Would you return the listing that follows exactly, leaving its pictures behind?

Data provided:
::::::
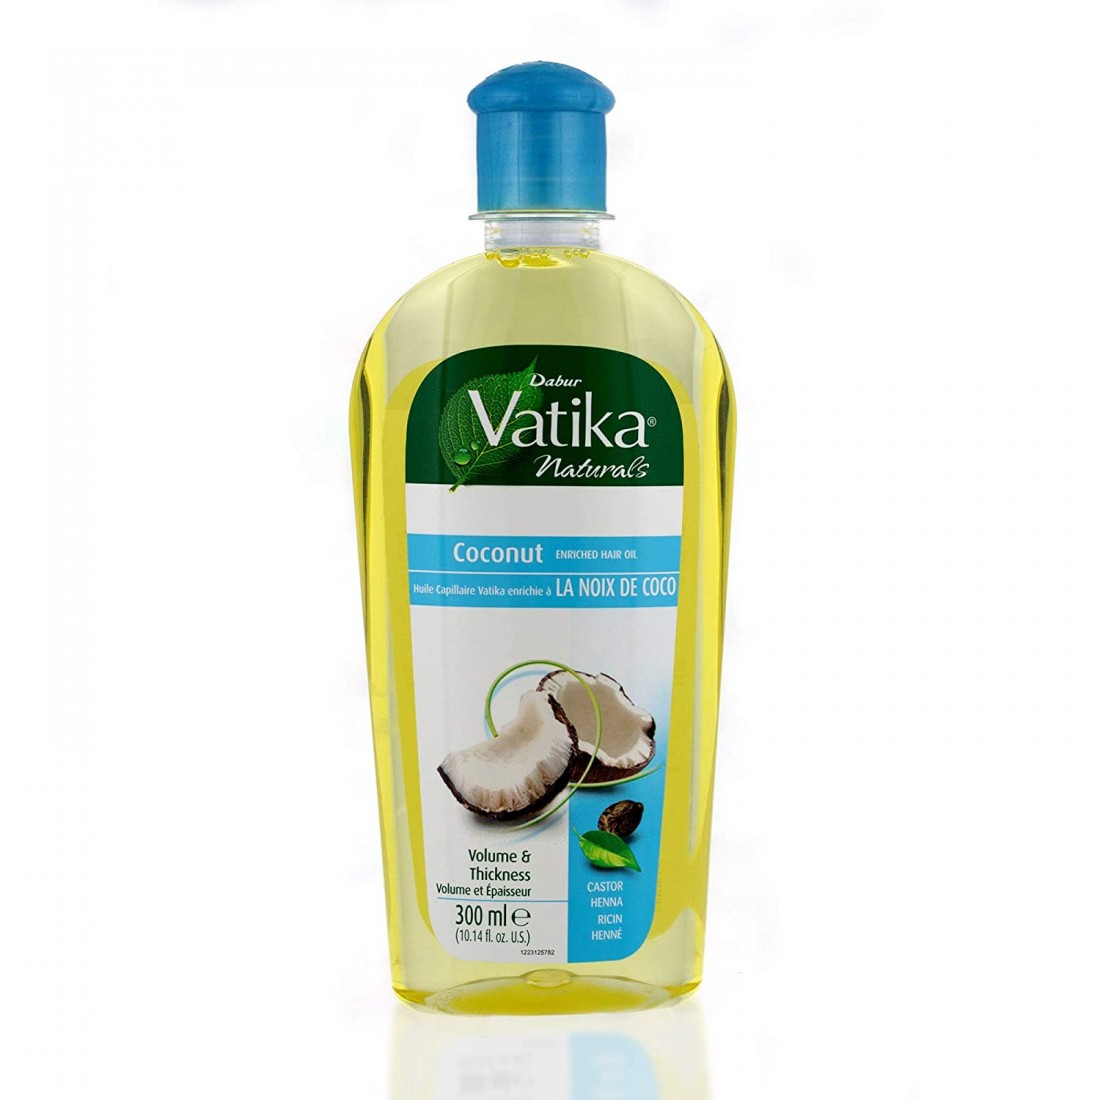 Vatika Coconut hair oil 300ml Barbados
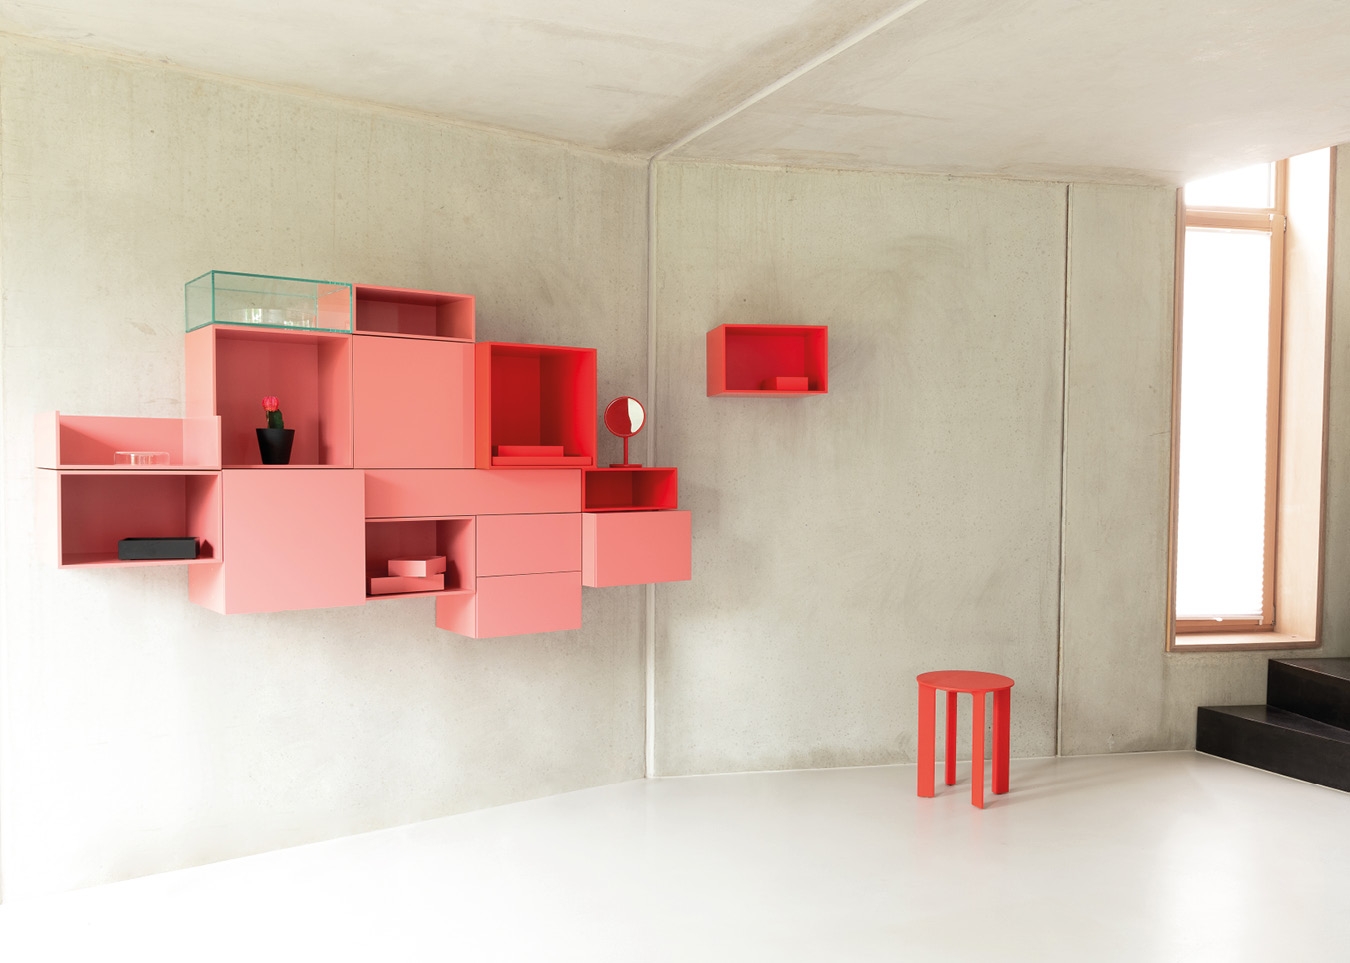 Schönbuch Designer System Cosmo Holz rosa pink funktional individuell puristisch Dante Bonuccelli 
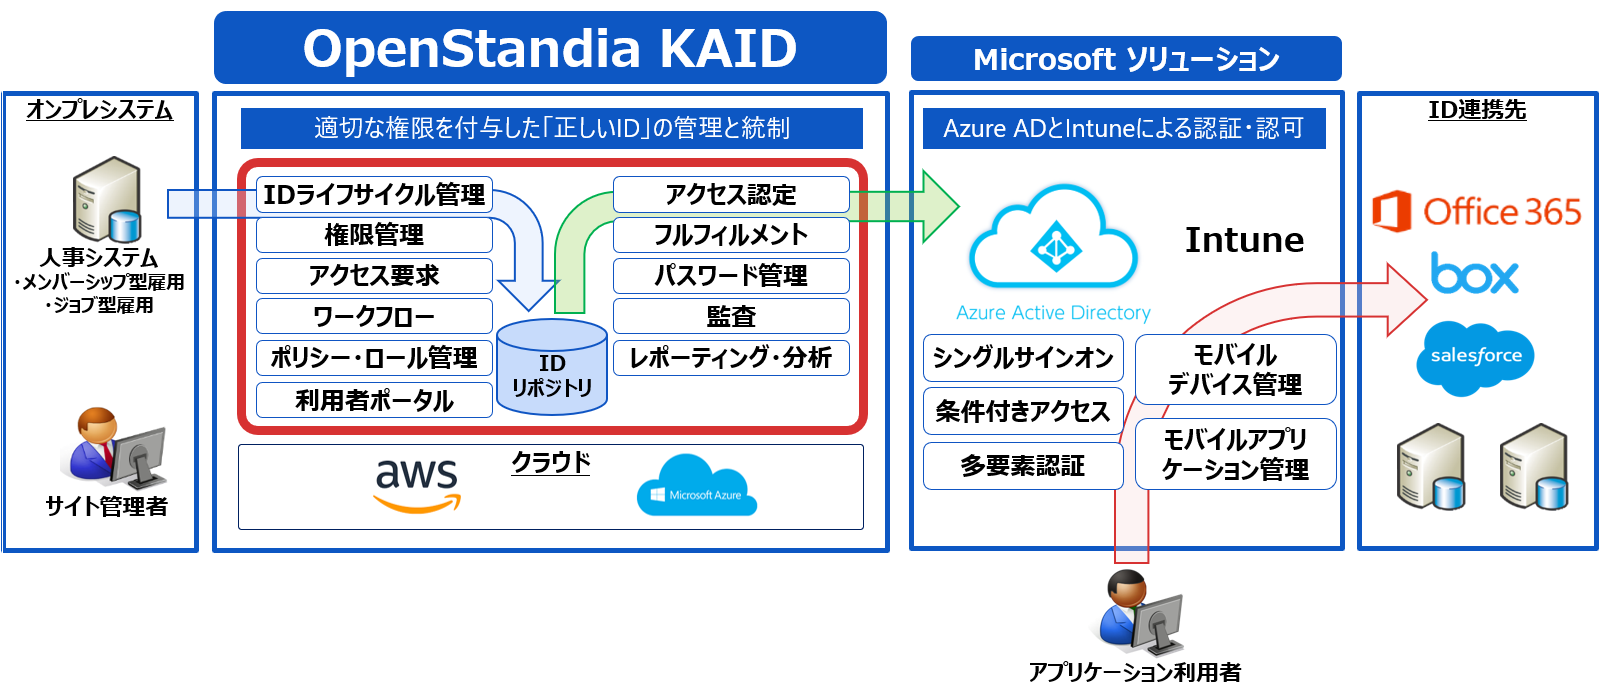 「OpenStandia KAID」とMicrosoft Azure AD、Microsoft Intuneとの連携イメージ
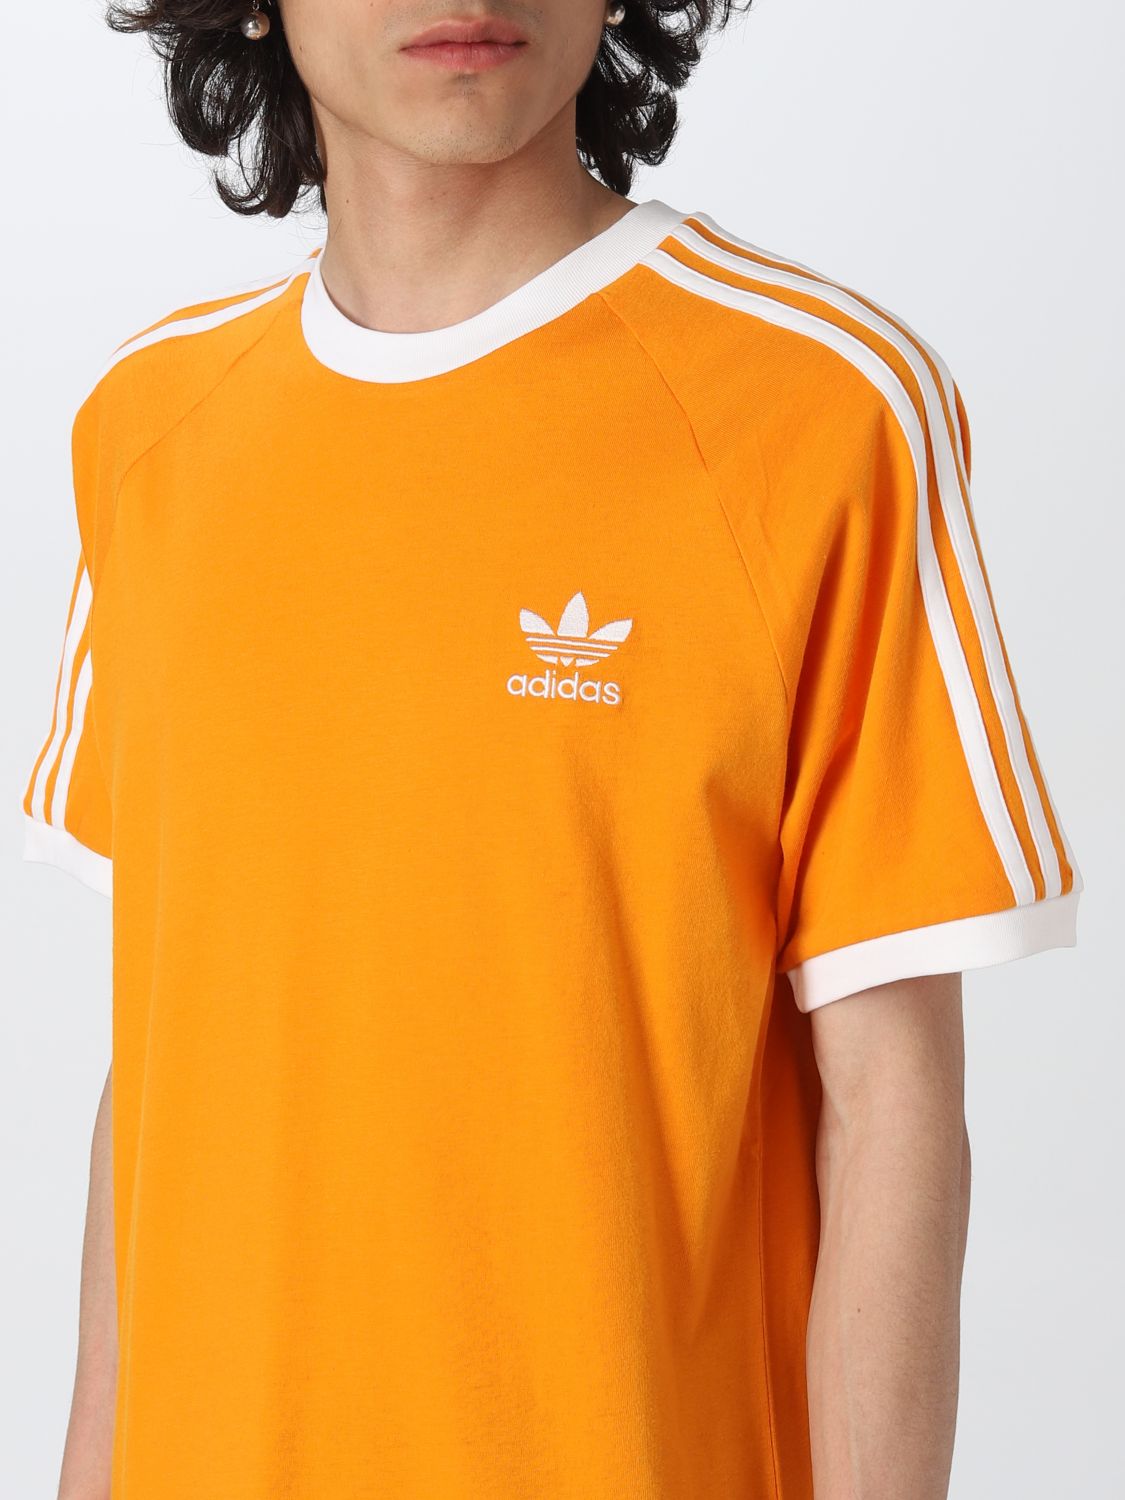 Tee-shirt ADIDAS 3 L Homme Vêtements Adidas Homme Tee-shirts & Polos Adidas Homme Tee-shirts Adidas Homme orange Tee-shirts Adidas Homme
::::::
Expected output:
 Vatika Coconut hair oil 300ml Barbados
 Schönbuch Designer System Cosmo Holz rosa pink funktional individuell puristisch Dante Bonuccelli 
 「OpenStandia KAID」とMicrosoft Azure AD、Microsoft Intuneとの連携イメージ
 Tee-shirt ADIDAS 3 L Homme Vêtements Adidas Homme Tee-shirts & Polos Adidas Homme Tee-shirts Adidas Homme orange Tee-shirts Adidas Homme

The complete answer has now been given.